In 1785, a Boston publisher issued Sans Souci, alias, Free and Easy, a three-act satire targeting the weekly assembly of the city's bon ton for tea and cards under the name of Sans Souci. Among the characters in this play, wearing flimsy allegorical disguises as "the republican heroine" and "Mrs. W—n," were two epistolary acquaintances who ranked among the preeminent female intellectuals of the British Atlantic: Catharine Macaulay and Mercy Otis Warren. Kate Davies's excellent new study of these two authors focuses on their roles as champions of the causes of the commonwealth Whig tradition, classical republicanism, and the American Revolution. Her account also finds room for both their personal friendship and the quarrel between them caused by the publication of Sans Souci, which occurred during a visit that Macaulay paid to Warren and her other American correspondents during the winter of 1784–85.

In the anonymous farce (which a number of Warren's acquaintances attributed to her), Macaulay's and Warren's characters both lambaste the public corruption augured by the resurrection of fashionable society in Boston.
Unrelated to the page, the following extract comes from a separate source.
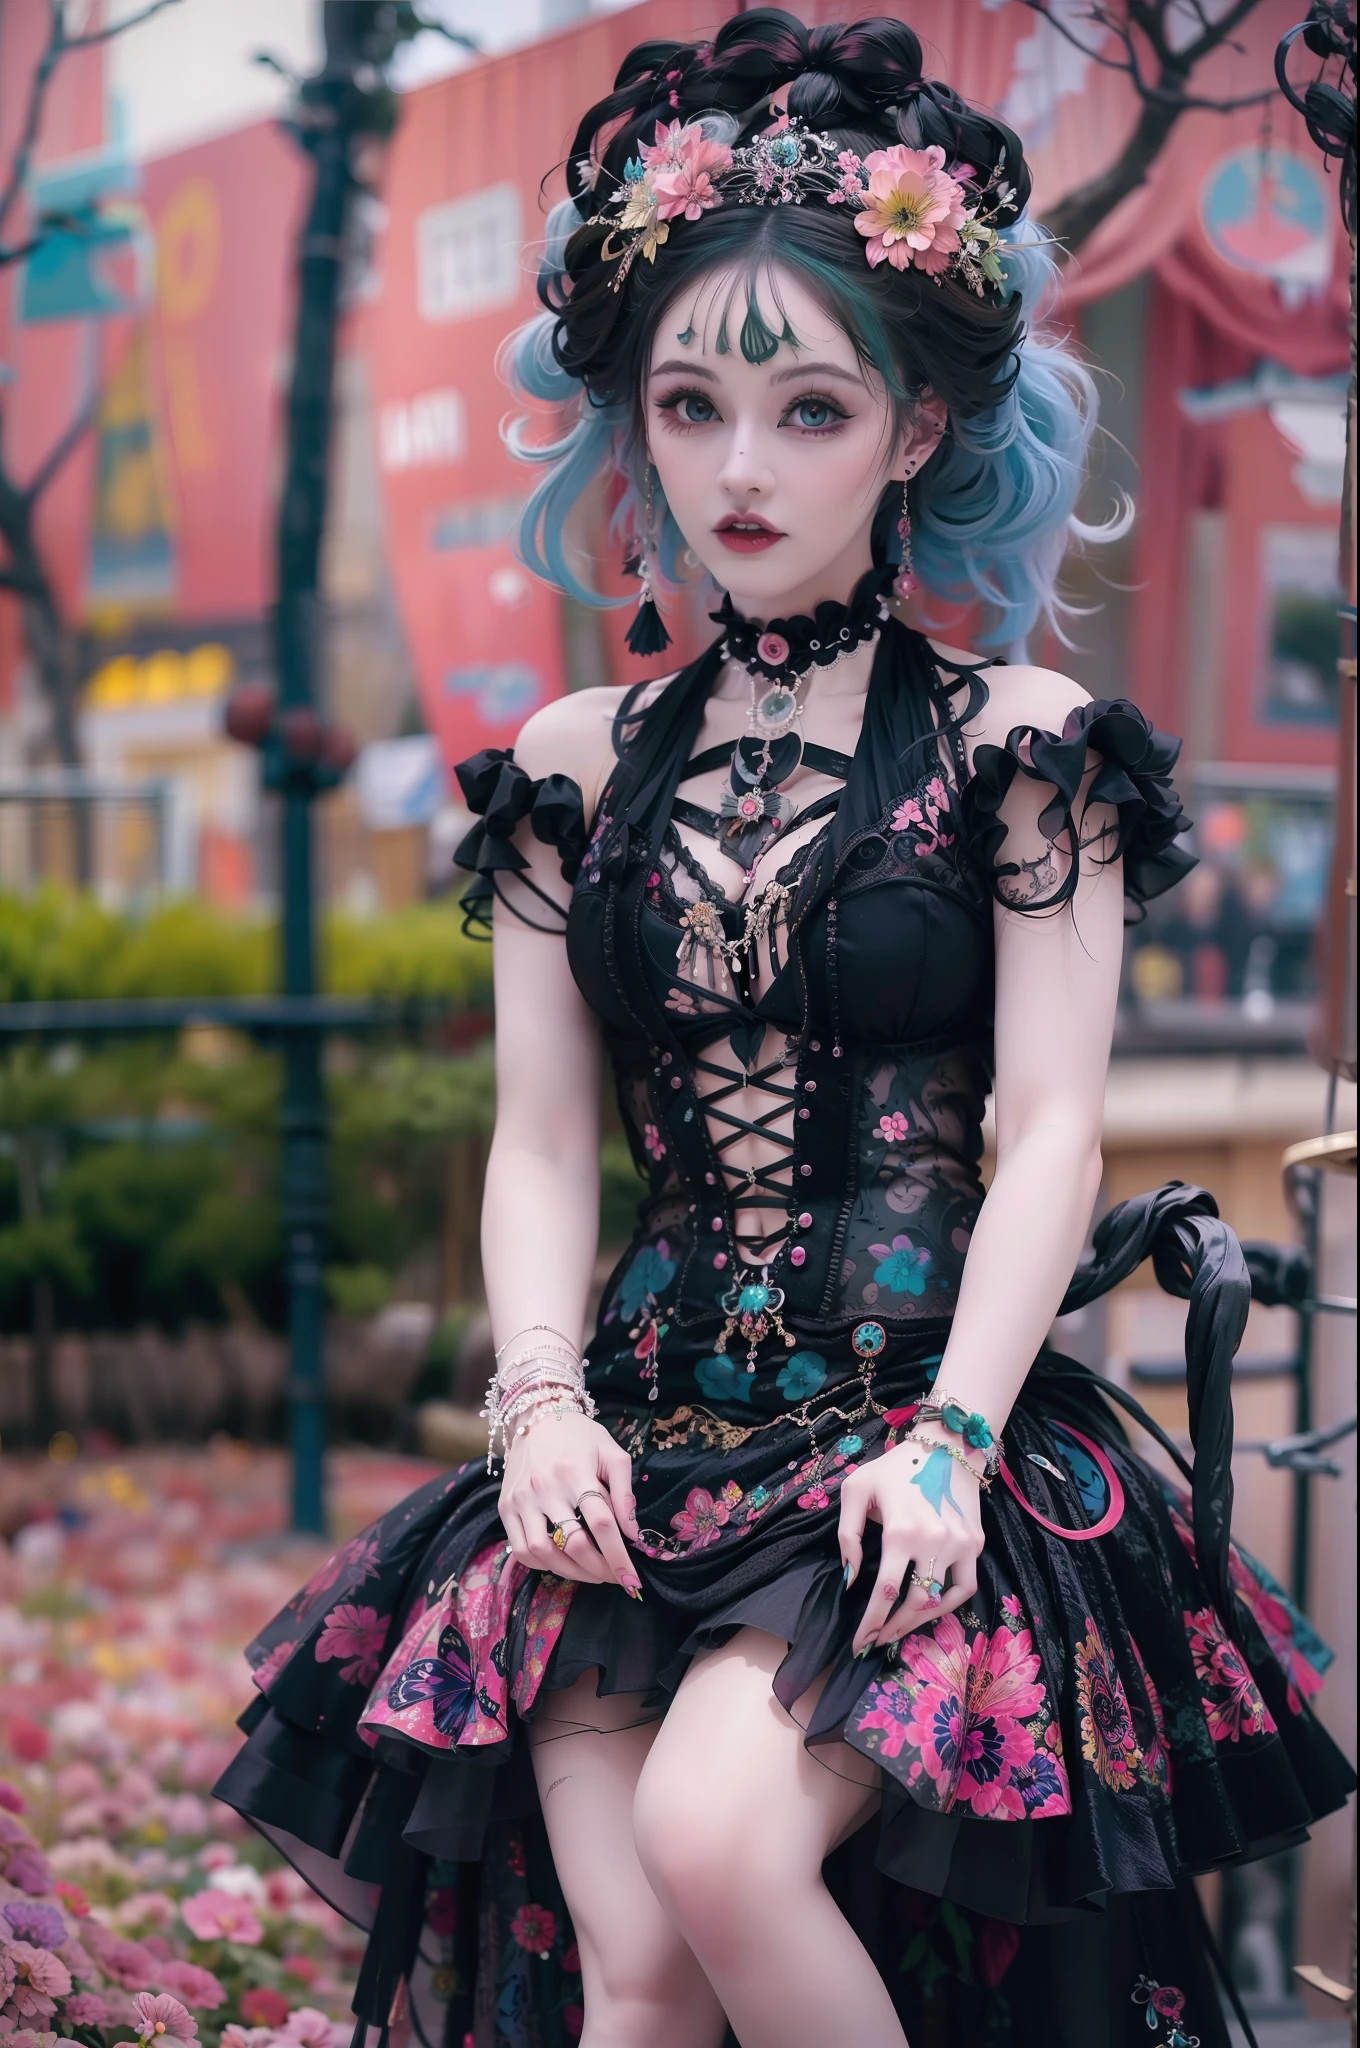 En un hermoso parque una mujer de aspecto moderno. Tiene un estilo gótico kawaii muy colorido y llamativo..., con un maquillaje elegante y una peluca colorida.

In reality, Warren did, in fact, disparage the assembly as a sure sign of America's incipient corruption. Yet, as a London intellectual and "a woman well known for her fashionable tastes," Macaulay attended the Sans Souci, much to her friend Warren's dismay (167). While the club and the debate over it occupy only one chapter of Davies's book, the interactions between femininity and classical republicanism, between the public and private spheres, between sociability and virtue, and between authorial persona and personal identity that color this historical episode also guide this fine and much-needed assessment of Macaulay and Warren as women writers and republican thinkers. Davies challenges not only John Pocock's assertion of "an incongruity between Macaulay and Warren's femininity and their adoption, and articulation, and critique of republican ideals of citizenship," but also the arguments of Rosemarie Zagarri and others that [End Page 130] these two authors "were able to separate their gender from their politics" and thus "have little to say about (or to) women" (20, 306). Davies posits a "dynamic relationship" between private (and thus coded female) sentiment and political principle that allowed Macaulay and Warren to position themselves at the intersection of the discourses of femininity and republican patriotism (183).

The relationship between femininity and republicanism was productive for both women. It fueled Macaulay's impressive literary output—Davies focuses mainly on her star-making History of England from the Accession of James I to that of the Brunswick Line (1763–1783)—as well as Warren's own catalogue of satirical plays and poems, and her remarkable History of the Rise, Progress, and Termination of the American Revolution (1805). Macaulay and Warren's social and ideological positions also yielded a profusion of other texts: both women were immersed in the system of epistolary exchange that bound together the Atlantic radical community during the eighteenth century.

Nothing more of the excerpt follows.